__Work task__:
Would you please retype, exactly, the lines of the listing below between the line with "Встреча Алиева и" and the line with "go skateboard giorno", inclusive?
Provided records: Begin
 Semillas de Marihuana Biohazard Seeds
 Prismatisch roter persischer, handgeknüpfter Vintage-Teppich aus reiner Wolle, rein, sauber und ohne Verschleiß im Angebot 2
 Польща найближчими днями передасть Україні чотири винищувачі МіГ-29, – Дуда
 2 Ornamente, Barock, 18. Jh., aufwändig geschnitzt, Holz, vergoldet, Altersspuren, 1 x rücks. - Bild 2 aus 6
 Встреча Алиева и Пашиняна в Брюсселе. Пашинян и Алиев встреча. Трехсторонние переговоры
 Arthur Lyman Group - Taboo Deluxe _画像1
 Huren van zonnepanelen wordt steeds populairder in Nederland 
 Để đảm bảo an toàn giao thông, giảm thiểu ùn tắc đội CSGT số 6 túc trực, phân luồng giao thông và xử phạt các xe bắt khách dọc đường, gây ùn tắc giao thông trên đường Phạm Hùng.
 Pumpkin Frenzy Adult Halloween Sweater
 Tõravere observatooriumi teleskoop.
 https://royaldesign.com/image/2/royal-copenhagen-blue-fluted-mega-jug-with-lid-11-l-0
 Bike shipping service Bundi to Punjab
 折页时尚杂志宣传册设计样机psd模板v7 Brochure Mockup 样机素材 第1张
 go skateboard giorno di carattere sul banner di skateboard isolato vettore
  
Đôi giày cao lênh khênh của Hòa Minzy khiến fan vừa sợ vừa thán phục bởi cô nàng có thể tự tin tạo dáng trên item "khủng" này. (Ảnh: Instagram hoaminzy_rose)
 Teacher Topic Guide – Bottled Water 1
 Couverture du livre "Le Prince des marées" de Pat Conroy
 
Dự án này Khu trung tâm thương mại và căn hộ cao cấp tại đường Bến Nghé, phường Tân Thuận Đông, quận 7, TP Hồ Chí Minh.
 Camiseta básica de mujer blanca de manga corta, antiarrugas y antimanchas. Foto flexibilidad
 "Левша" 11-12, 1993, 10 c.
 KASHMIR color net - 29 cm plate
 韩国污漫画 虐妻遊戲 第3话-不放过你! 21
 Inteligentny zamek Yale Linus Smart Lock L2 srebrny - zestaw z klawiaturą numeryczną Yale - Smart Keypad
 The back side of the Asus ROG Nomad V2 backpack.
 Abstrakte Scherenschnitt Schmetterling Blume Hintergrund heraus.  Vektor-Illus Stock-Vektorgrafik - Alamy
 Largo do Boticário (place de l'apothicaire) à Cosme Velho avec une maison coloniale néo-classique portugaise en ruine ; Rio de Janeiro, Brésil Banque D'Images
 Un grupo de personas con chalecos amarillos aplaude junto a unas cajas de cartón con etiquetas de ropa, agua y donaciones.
Provided records: End
__Result of this exercise__:
 Встреча Алиева и Пашиняна в Брюсселе. Пашинян и Алиев встреча. Трехсторонние переговоры
 Arthur Lyman Group - Taboo Deluxe _画像1
 Huren van zonnepanelen wordt steeds populairder in Nederland 
 Để đảm bảo an toàn giao thông, giảm thiểu ùn tắc đội CSGT số 6 túc trực, phân luồng giao thông và xử phạt các xe bắt khách dọc đường, gây ùn tắc giao thông trên đường Phạm Hùng.
 Pumpkin Frenzy Adult Halloween Sweater
 Tõravere observatooriumi teleskoop.
 https://royaldesign.com/image/2/royal-copenhagen-blue-fluted-mega-jug-with-lid-11-l-0
 Bike shipping service Bundi to Punjab
 折页时尚杂志宣传册设计样机psd模板v7 Brochure Mockup 样机素材 第1张
 go skateboard giorno di carattere sul banner di skateboard isolato vettore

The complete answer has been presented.